FDA Grants Orphan Drug Status to Spinogenix's SPG601 for Fragile X Syndrome

Spinogenix, Inc., a biopharmaceutical company at the clinical stage, announced the U.S. Food and Drug Administration (FDA) has granted Orphan Drug Designation (ODD) to its drug candidate SPG601, intended for the treatment of Fragile X Syndrome (FXS). This designation highlights the significant need for new treatments for FXS, a condition currently lacking FDA-approved therapies.

Craig Erickson, M.D., Chief Medical Advisor at Spinogenix, emphasized the importance of this designation. He noted that individuals with FXS endure significant challenges, with no existing FDA-approved treatments. Spinogenix’s focus on FXS stems from the potential of SPG601 to address synaptic dysfunctions by modulating specific potassium channels, known as BK channels. This therapeutic approach aims to ameliorate core symptoms of FXS and substantially enhance the quality of life for affected individuals.

Fragile X Syndrome is recognized as the most common inherited form of intellectual disability and a leading cause of autism, linked to the silencing of the Fmr1 gene. The condition affects approximately 1 in 4,000 to 5,000 men and 1 in 6,000 to 8,000 women worldwide. Patients with FXS experience a range of debilitating symptoms such as severe anxiety, social withdrawal, hyperactivity, attention deficit, sensory hypersensitivity, aggression, and developmental seizures. Many of these symptoms have been associated with impaired activity of BK channels. SPG601 is a novel small molecule designed to activate BK channels, thereby restoring synaptic function.

Stella Sarraf, Ph.D., Spinogenix’s Chief Executive Officer, expressed enthusiasm regarding the ODD for SPG601. She highlighted the increasing recognition that synapse loss and dysfunction play crucial roles in a variety of diseases. According to Sarraf, there is a pressing need for therapeutic options that target synaptic level dysfunctions to address the wide array of symptoms experienced by individuals with FXS. She conveyed excitement over receiving this designation and the company's commitment to advancing small molecule therapies through clinical trials.

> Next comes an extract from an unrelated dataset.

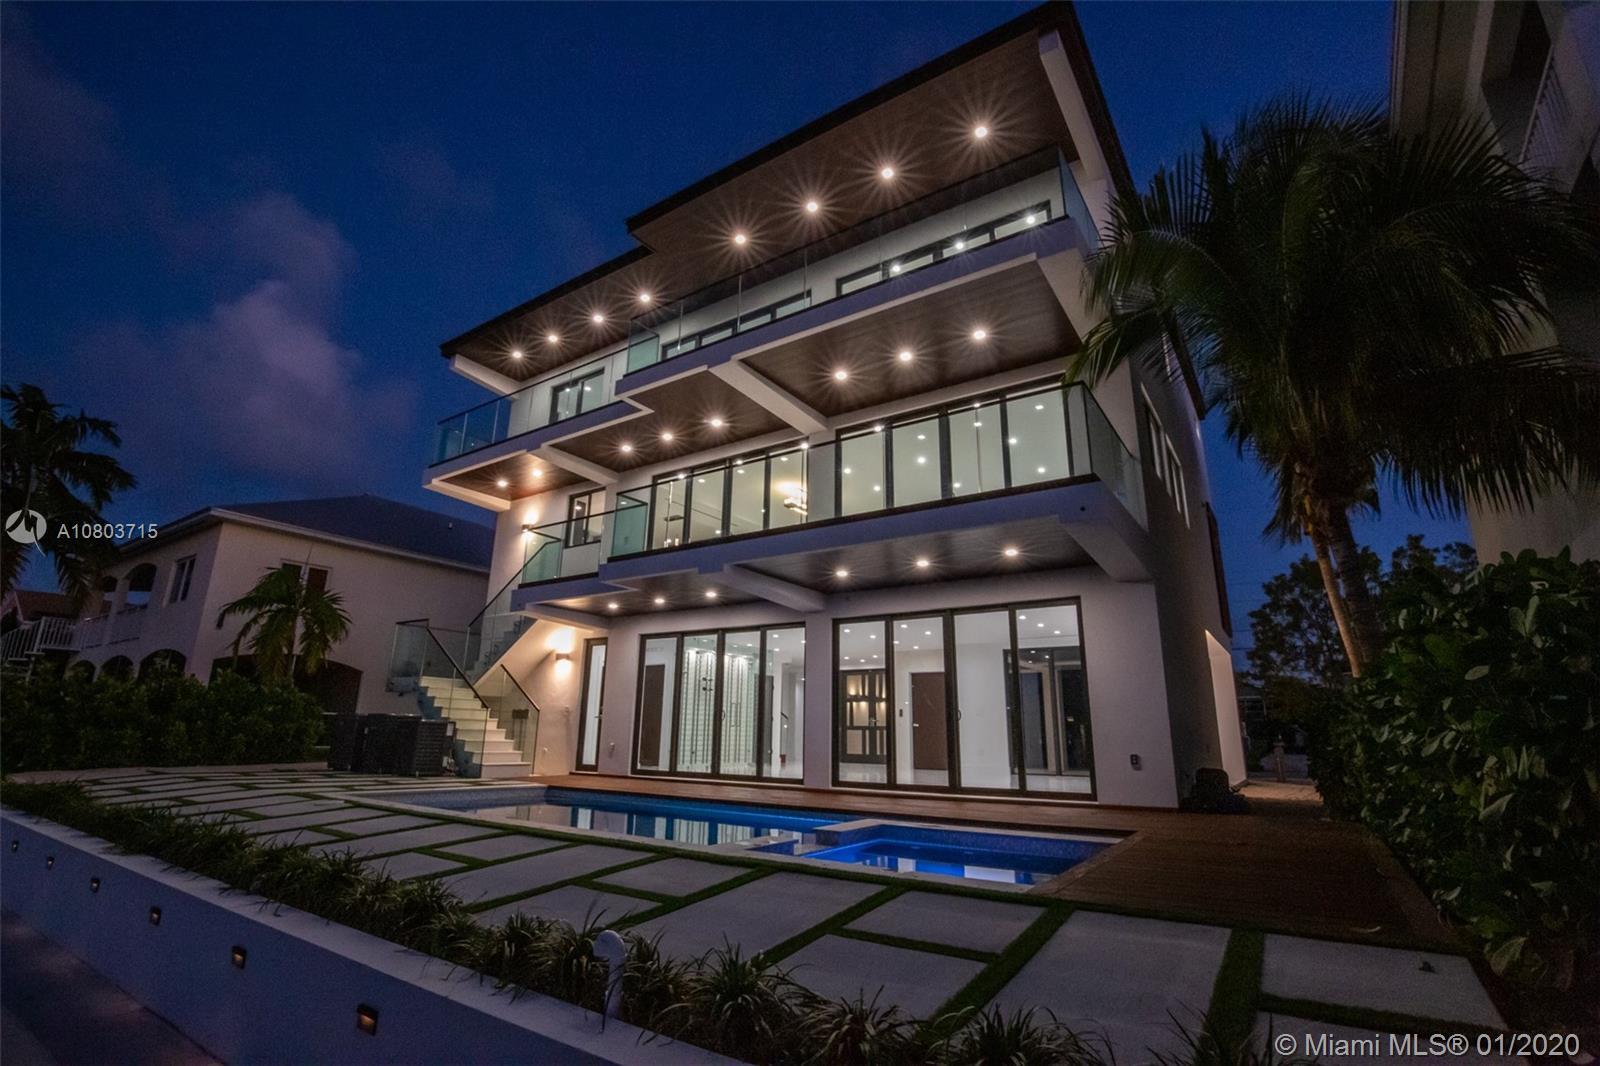 118 Madeira Ct, Islamorada, FL 33036 - Islamorada, FL real estate listing

The FDA grants Orphan Drug Designation to investigational treatments targeting rare diseases affecting fewer than 200,000 people in the U.S. This designation provides developers with various benefits, including support in the drug development process, tax credits for clinical trial costs, exemptions from certain FDA fees, and seven years of post-approval marketing exclusivity.

Spinogenix is focused on developing groundbreaking therapeutics for conditions involving synapse loss or dysfunction. Their lead candidate is a synaptic regenerative therapy aimed at reversing synapse loss and enhancing cognitive and motor functions in neurodegenerative and neuropsychiatric disorders like ALS, Alzheimer’s disease, and schizophrenia. Additionally, the company is advancing a synaptic function therapeutic aimed at improving behavior in Fragile X Syndrome.